Enemies of obfuscation

A while back, I wrote about one of my favorite all time store names: Smokes and News. I had seen the store sign from a freeway in Oregon and it caught my eye. I liked how the sign briefly and completely captured the store's purpose and function. One glance was all it took and you understood the central message of the enterprise. As marketers, we should be enemies of obfuscation. Leave obfuscation to military strategists. For us, we want everyone to understand our mission clearly.

That's why I believe that when you are looking at your website critically, asking yourself "is it really doing the job for our organization?" you should first examine the home page and see if your message jumps from the page. If it doesn't, if it must be teased out of links and menus, excavated from beneath a lavish layer of graphics and javascript animations, then you need to revise. That's not to say the home page can't have other functions, but job one should be page one. If you're not sure what your central message is, see my previous blogs on defining your mission as an organization.

As you further evaluate your website, stand back and judge its overall appearance. Is it attractive and appealing? Pleasing and attractive design is the capture device for the human brain. As part of appraising overall design, erase the words on the home page from your mind and feel what message the graphics alone deliver. Are the graphics in rhythm with the central message? What message do the graphics convey? Do the graphics direct your eyes to different elements on the page in a meaningful way, like well-designed streets, or is it all a hopeless jumble?

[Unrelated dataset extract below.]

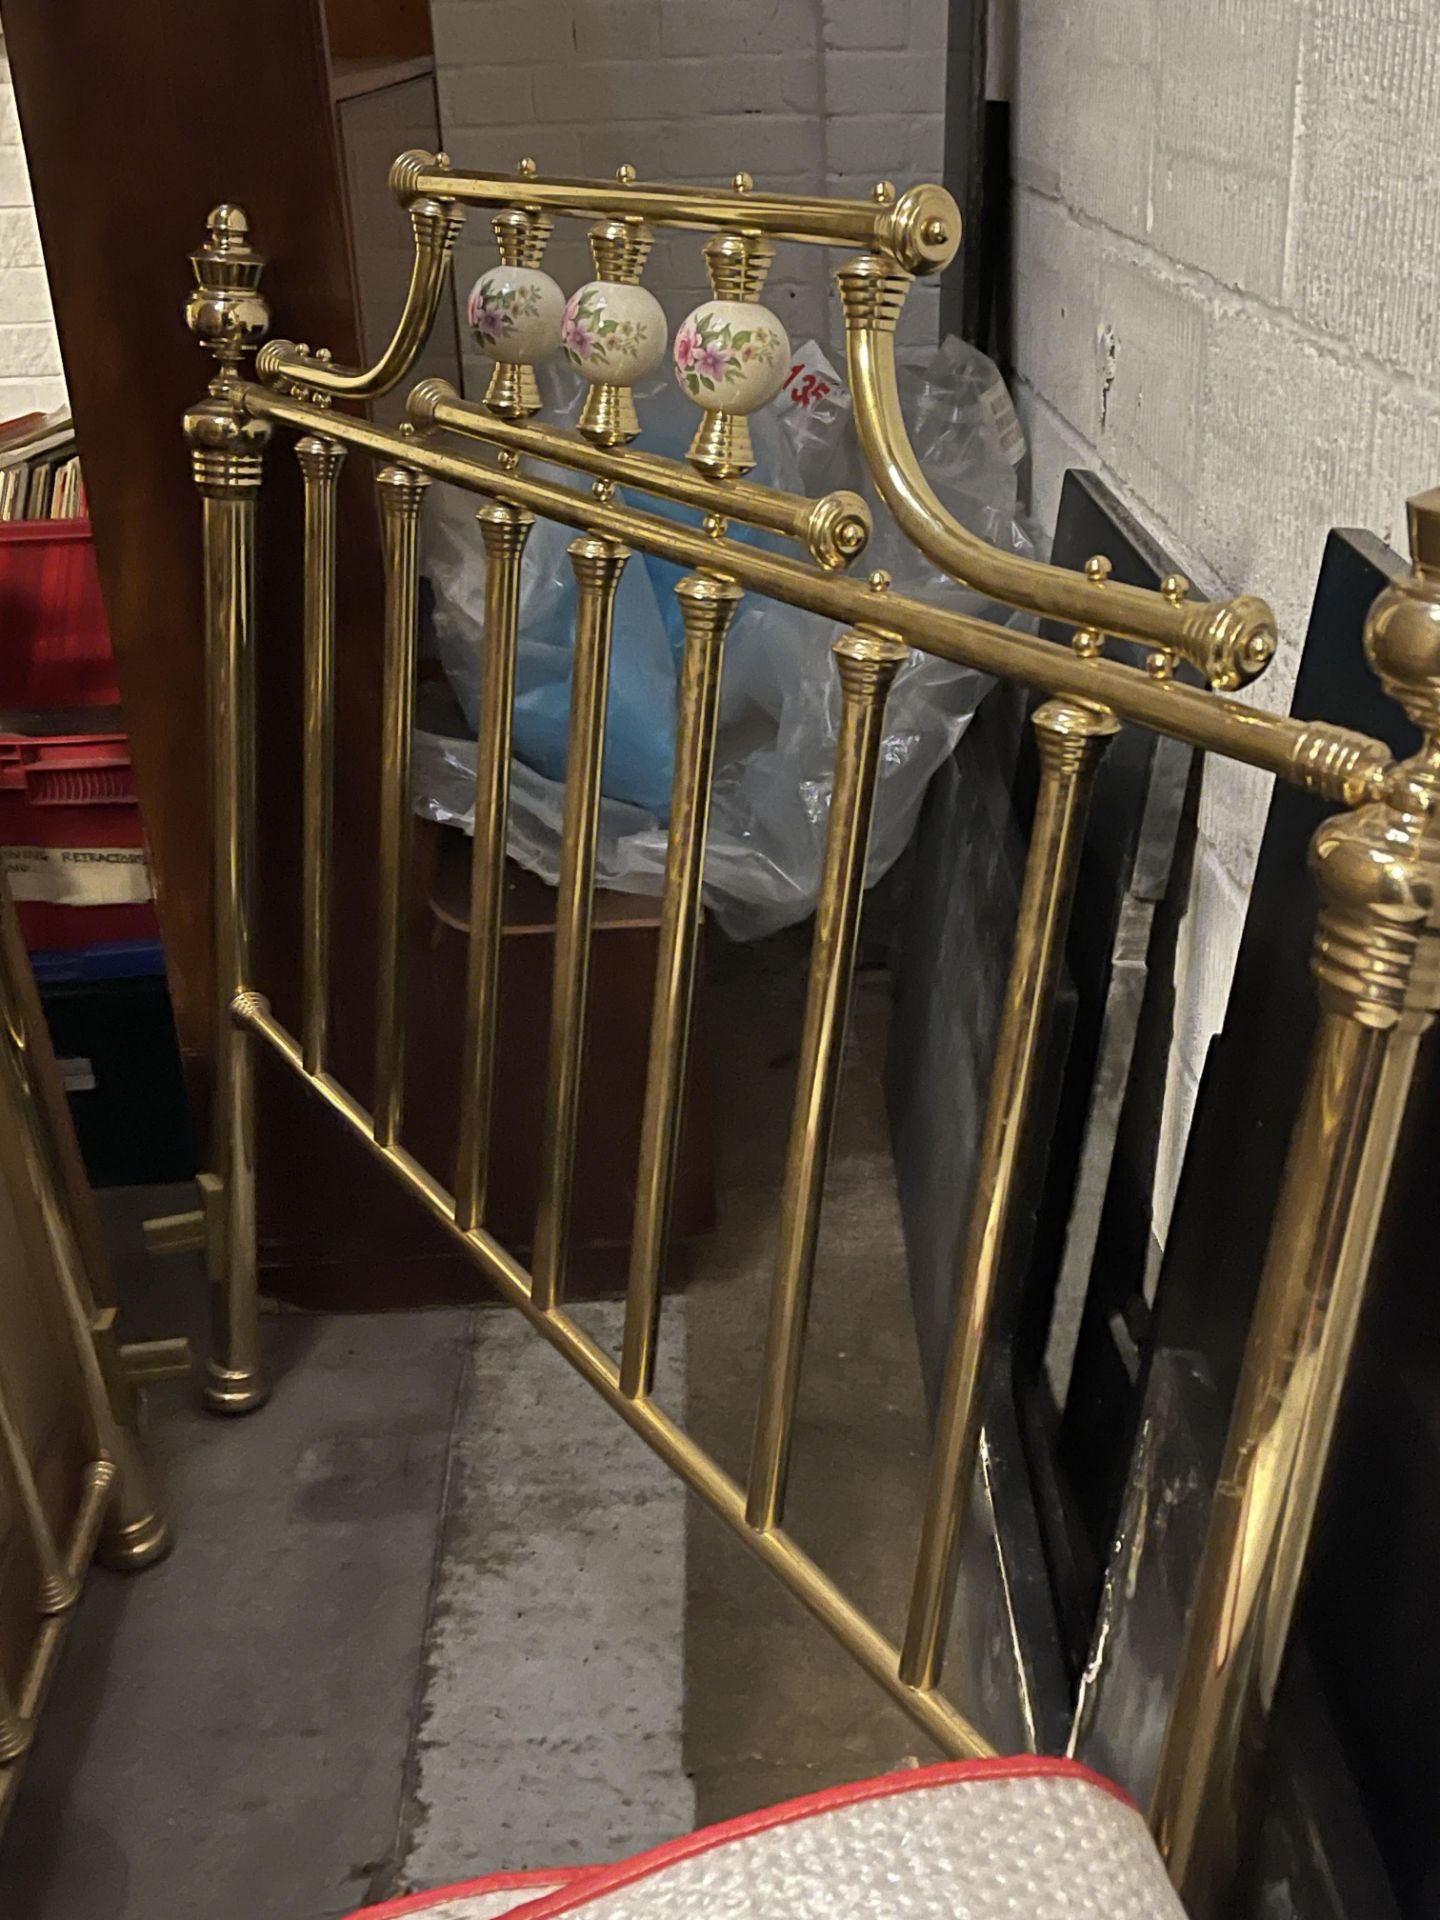 Brass double bed frame very old unclaimed property - Image 5 of 8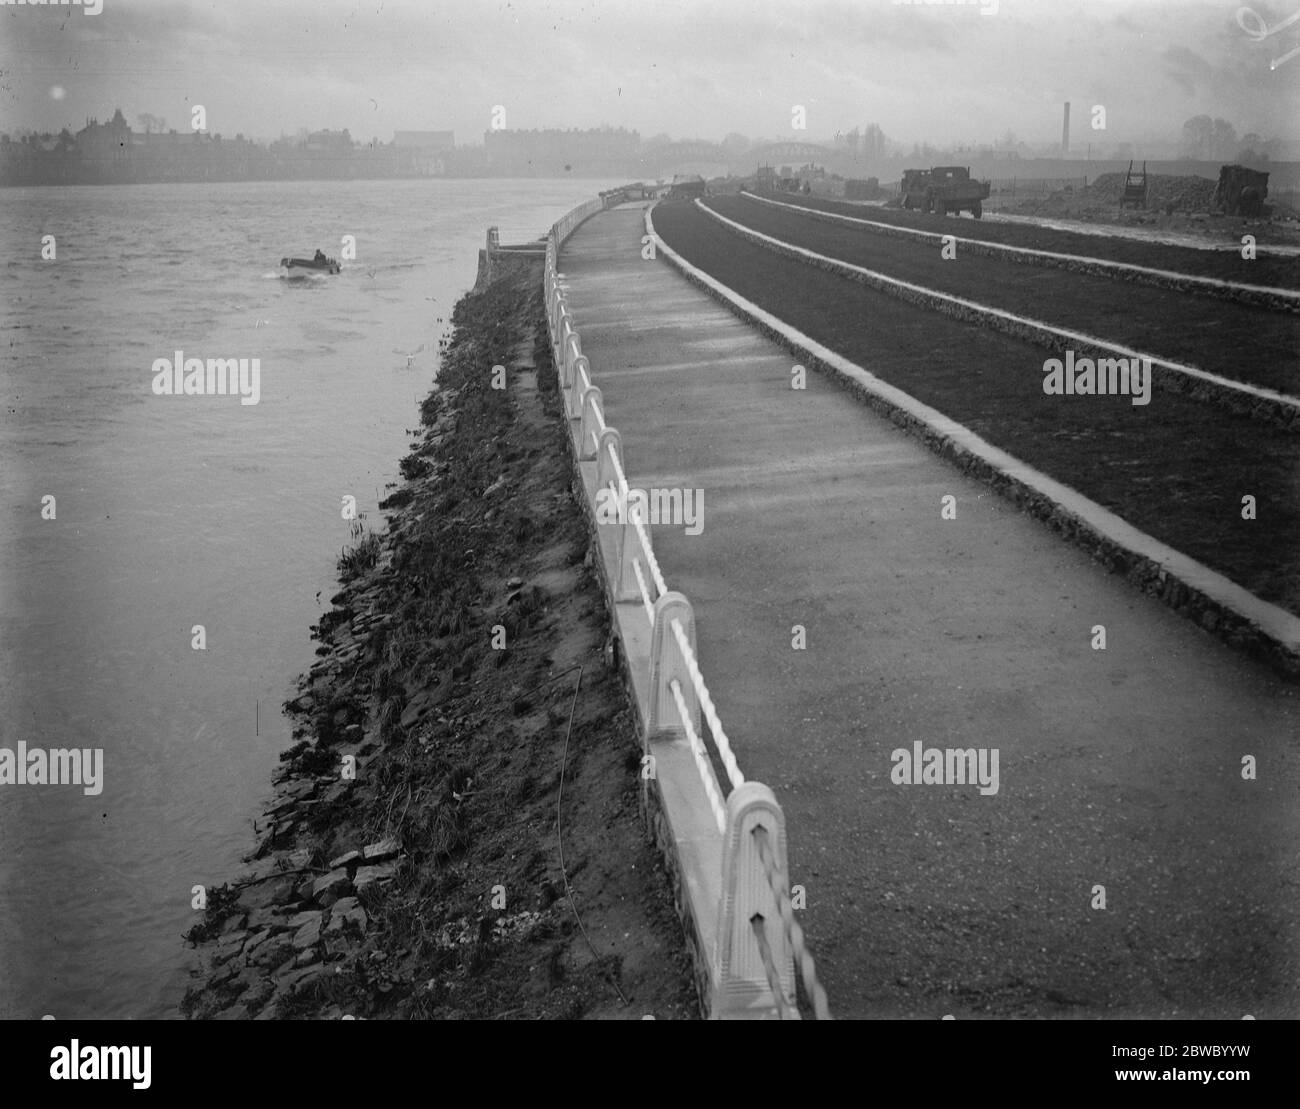 A new London promenade to accommodate 15000 persons : striking Thames riverside developments at Chiswick . A view of the terraced promenade after operations of about 12 months . 14 March 1925 Stock Photo

Finally, mentally insert the words back onto the page and ponder readability. Have you used inappropriate technical jargon, mysterious acronyms, insider catch phrases or other barriers that stand between you and the reader? Try to speak to the reader in their own voice about your mission. A common error made by many web writers is to employ language that creates distance between themselves and their clients. It's a tempting thing to do because of our desire to put on our professional persona and speak with authority. Your job as a writer is to figure out the voice which best moves the client to action, and most always, that voice is an echo of their own.

When you are evaluating your own website, is it "Smokes and News" or is it just smoke?


Guest blogger Dennis Mathis is a long-time resident of the Four Corners who nurtures an interest in writing, marketing, technology, reading and business. About a year ago, he retired from a public relations job and is now formally self-managed. It is a harder job than he imagined it would be. He and his wife, Nancy, live in a log cabin near Lemon Lake decorated with birdhouses, and when the water is calm, they kayak along Lemon's graceful shoreline.